● Collected data
^^^^^^^^
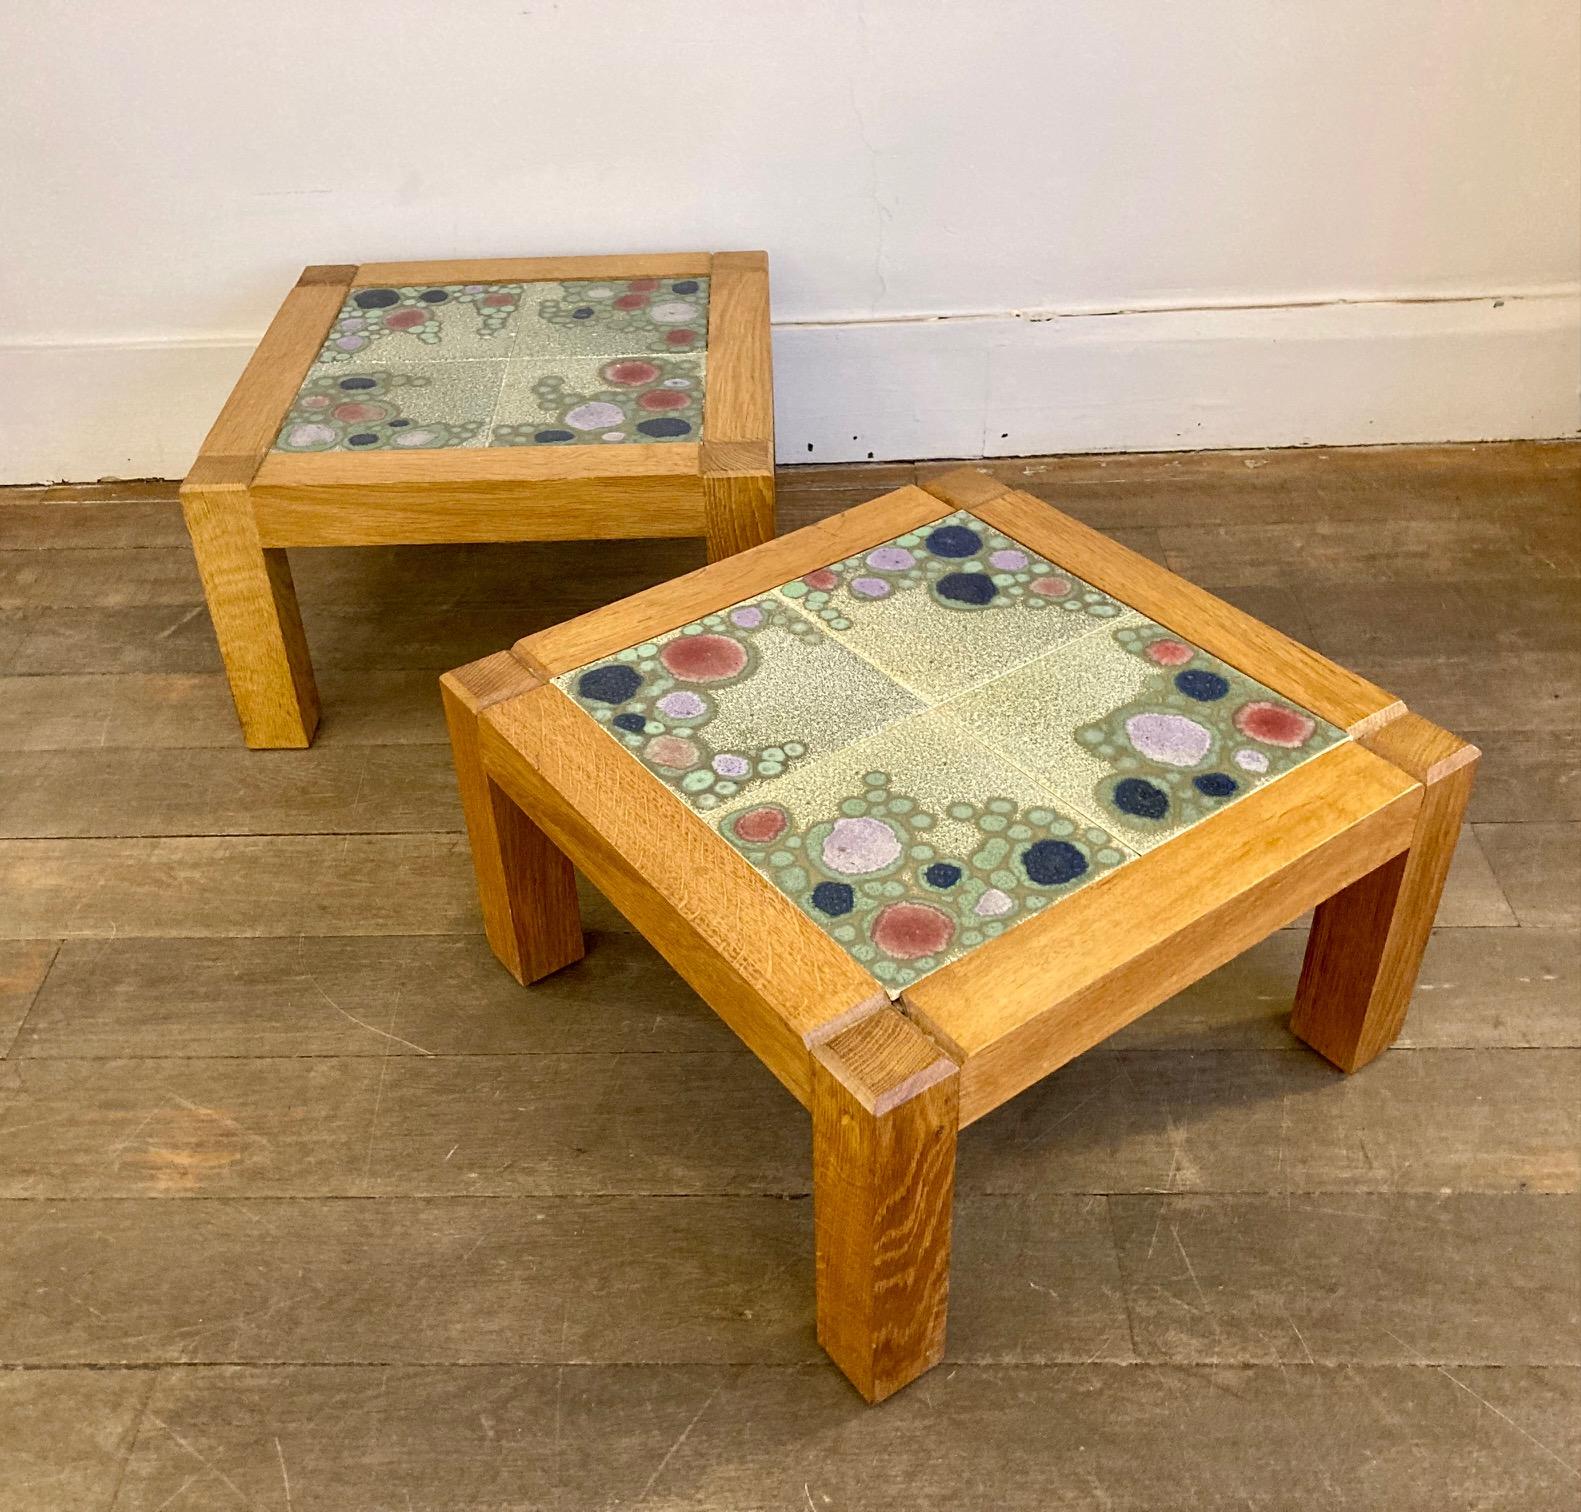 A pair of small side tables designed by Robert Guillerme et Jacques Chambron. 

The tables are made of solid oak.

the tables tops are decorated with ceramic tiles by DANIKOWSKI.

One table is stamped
^^^^^^^^
● Task statement
Without the pictures, copy the material exactly as given.

● Solution to the exercise
 A pair of small side tables designed by Robert Guillerme et Jacques Chambron. 

The tables are made of solid oak.

the tables tops are decorated with ceramic tiles by DANIKOWSKI.

One table is stamped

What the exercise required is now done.